These studies were performed in Western Australia using date-mated singleton Merino ewes. The studies were approved by the appropriate animal care and use committees in Australia and at Children's Hospital Medical Center, Cincinnati, OH. Ewes were weighed at 100 d of pregnancy and randomized to the different doses, different treatment to delivery intervals, and repeated dose groups by ear tag number as the only indicator. Endotoxin (E. coli 055:5; Sigma, St. Louis, MO) was solubilized in saline at a concentration of 20 mg/ml and filtered through a 0.45-µm filter. The solution was diluted as necessary and used immediately or frozen one time only before use. A dose of endotoxin diluted into saline to a final volume of 2 ml (5 ml for the 100 mg endotoxin dose) was given by intraamniotic injection to ewes gently restrained in the shearing position (16). The fluid around the fetus was imaged with a 3.5-mHz sector transducer using an Aloka ultrasound machine, and a 20-gauge spinal needle was used to withdraw fluid, which was assumed to be amniotic fluid if opalescent and containing particulate material. The endotoxin or saline control dose was given. The fluid was verified to be amniotic fluid and not allantoic fluid by measurement of Na⁺ and Cl concentrations using a blood gas and electrolyte analytical instrument (Bayer Diagnostics Rapidlab 820) (17, 18). Four animals that inadvertently received intraallantoic injections of endotoxin were also studied. The animals were then released back to open paddocks.

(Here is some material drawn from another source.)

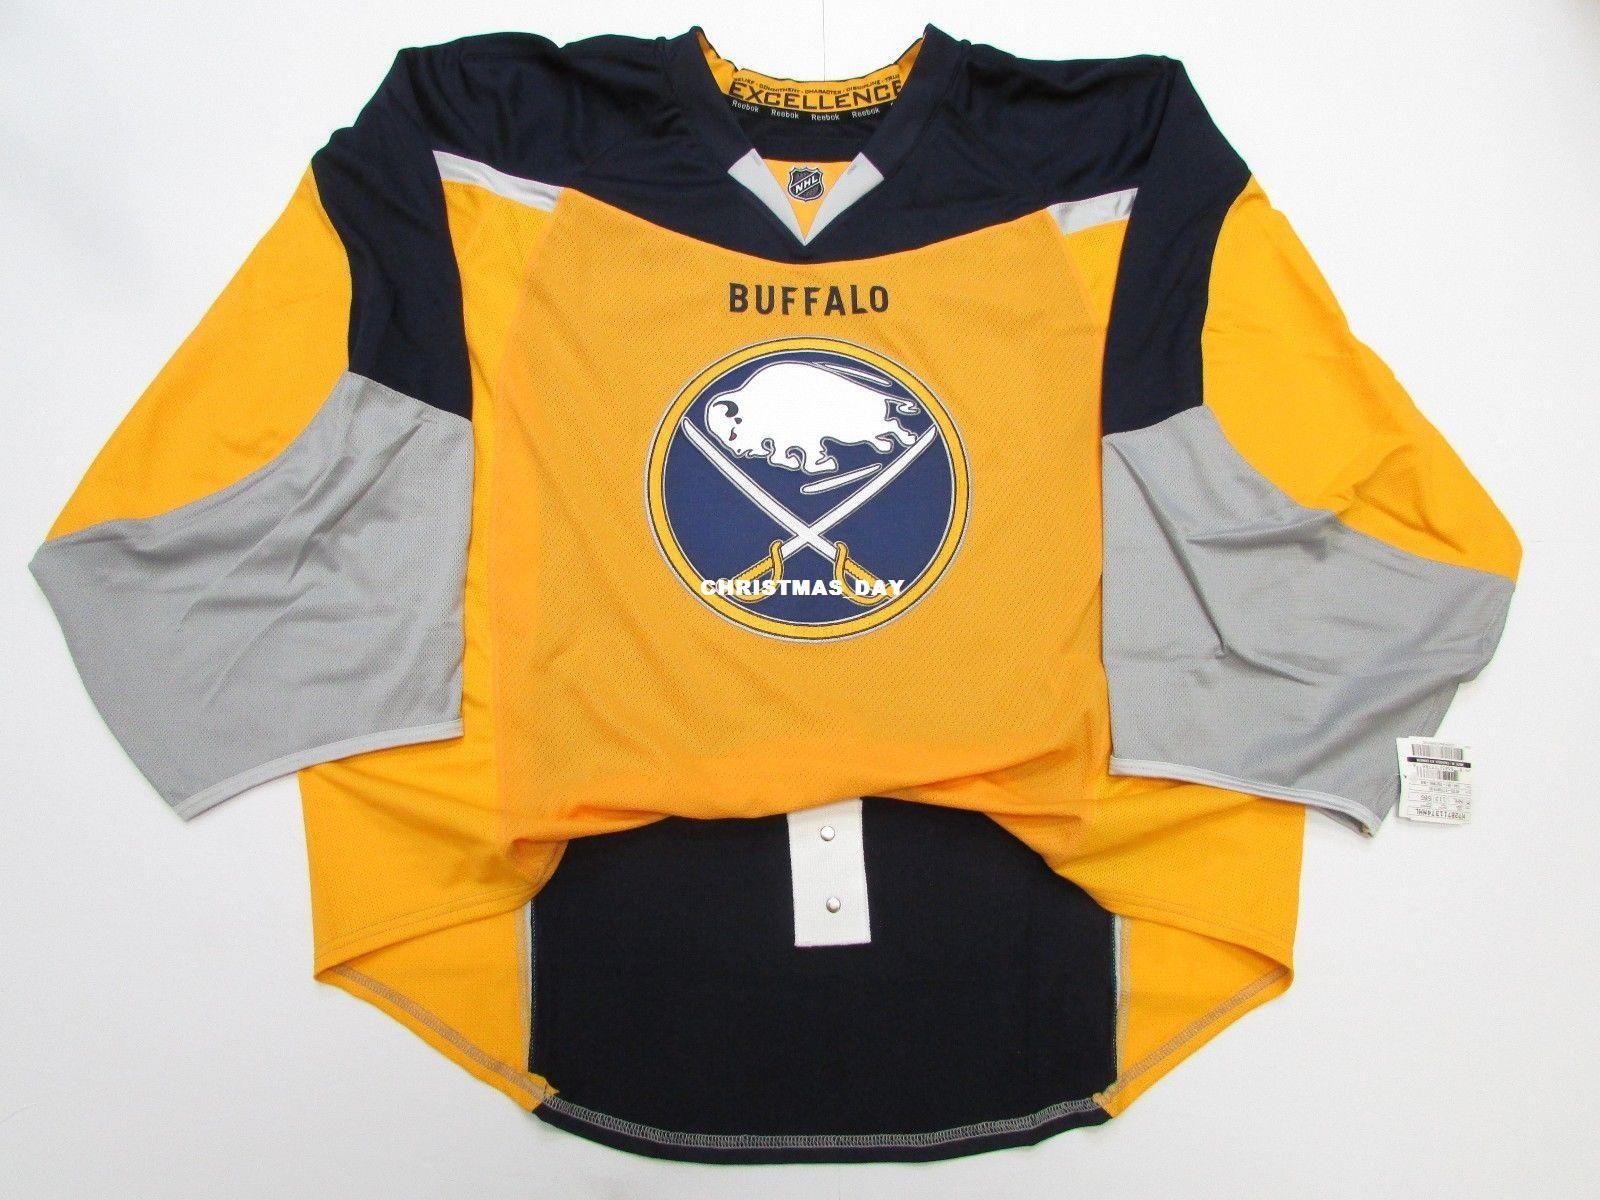 designer fashion 51808 e1281 Cheap custom BUFFALO SABRES JERSEY GOALIE CUT ISSUED EDGE 2.0 7287 Mens  Stitched Personalized hockey Jerseys

Delivery and Postnatal Assessments

At 125 d gestation the lambs were delivered by cesarean section after securing a 4.5-mm endotracheal tube by tracheotomy as described previously (19). At delivery a fetal arterial blood sample was drawn from the placental cord for pH and blood gas analysis and for a plasma cortisol measurement using a commercial radioimmunoassay kit (ICN, Irvine, CA). The lambs were dried and ventilated with time-cycled, pressure-limited infant ventilators set to deliver 100% oxygen at a respiratory rate of 40 breaths/min, an inspiratory time of 0.7 s, and a positive end-expiratory pressure of 3 cm H₂O. Peak inspiratory pressures were initially set at 35 cm H₂O and subsequently adjusted during the 40-min postdelivery study period to target arterial PCO₂ values of 50 mmHg. Peak inspiratory pressures were limited to 40 cm H₂O to avoid pneumothorax (19). Other ventilator settings were not altered during the study period. The personnel delivering and caring for the lambs were blinded to the treatments that the animals had received. An arterial catheter was advanced into the descending aorta through an umbilical artery, and lambs received supplemental pentobarbital (15 mg/kg) by slow arterial infusion if spontaneous respirations were noted. The body temperature of each lamb was maintained at ~ 39° C with a radiant warmer and by covering the lamb with plastic wrap.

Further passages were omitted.